Rosie was driving her Jeep down the our driveway as I was driving up. She flipped it into reverse and glided smoothly back up toward the garage.
You're a good driver,Rose, I said as I got out of my car.
Mamo, can we make cupcakes? A young woman now, Rosie still specializes in the last-minute invitation.
Well, I have a meeting right now, but we can when I finish. About four o'clock. Or we could do it tomorrow. I'm here all day.
I could go and buy what we need. You know, like, cupcake-ness. Rosie knows I'm a sucker for imaginative grammar. I fished around in my purse for a twenty and gave it to her. For some cupcake-ness.
I have loved their words ever since they began to talk. I didn't own a tape recorder when my own were little, but I wrote down all their interesting constructions. I want to go to not Dot's, Rosie's mother used to say when she was tiny and it was time to go to the babysitter -- an interesting placement of the negative, but perfectly clear. Bodder me!!! her little sister would say sternly, glaring at whoever was getting in her space. My granddaughters had a little trouble keeping alliterative words apart: "Aunt Anna" became "Anta," and "SesameStreet" was "Sesameet." They sang along with the radio: a song whose lyric included the phrase "when the living was young" made a lot more sense to them as "lemon and gum," and they sang it over and over. My grandmother name, which was Rosie's to bestow -- the first grandchild gets to name the grandmother -- was "Mamo." Nineteen years later, I am still "Mamo" to the little girls, who are no longer little girls, and to their friends -- and, often, even to their mother.
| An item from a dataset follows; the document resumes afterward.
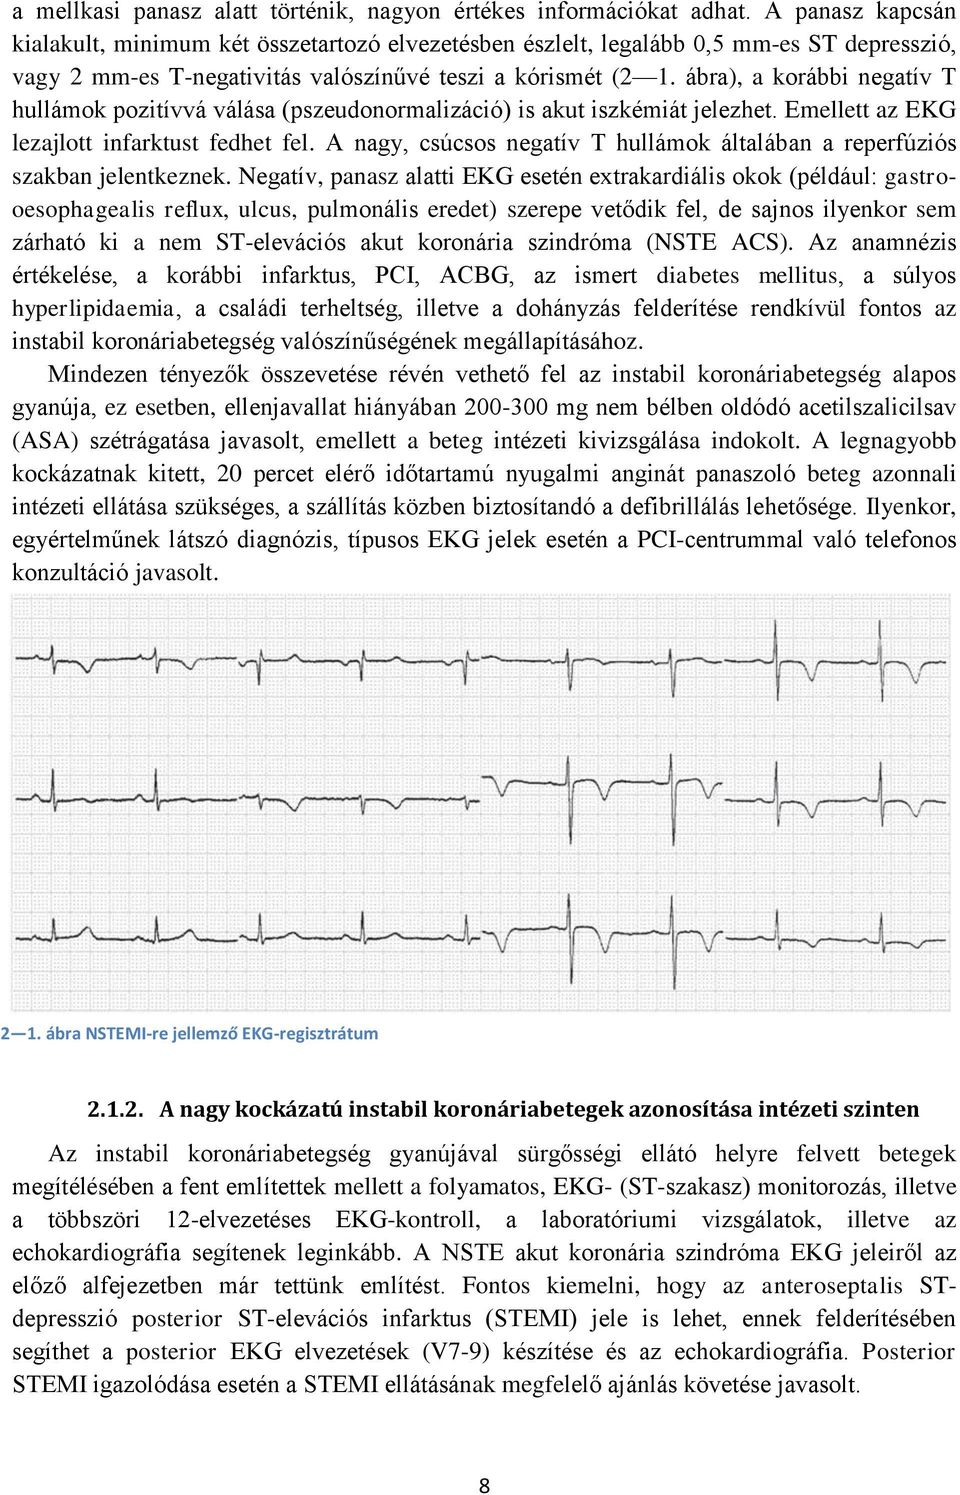 ábra), a korábbi negatív T hullámok pozitívvá válása (pszeudonormalizáció) is akut iszkémiát jelezhet. Emellett az EKG lezajlott infarktust fedhet fel.

We all have these lists in our memories. A grandmother wrote me yesterday: "The Lord be with you," says her priest, and her grandson knows just how to respond: "And I'll sit with you."
Sounds like a good arrangement. The Lord be with you. And I'll sit with you. We will understand each other, you and I, because we will talk to each other, and we will understand each other in a way much more important than getting every detail 100% right and proper. I will treasure you, every bit of you, even your little quirks-- especially your little quirks. And you will remember mine. And we will remember each other long after we are parted.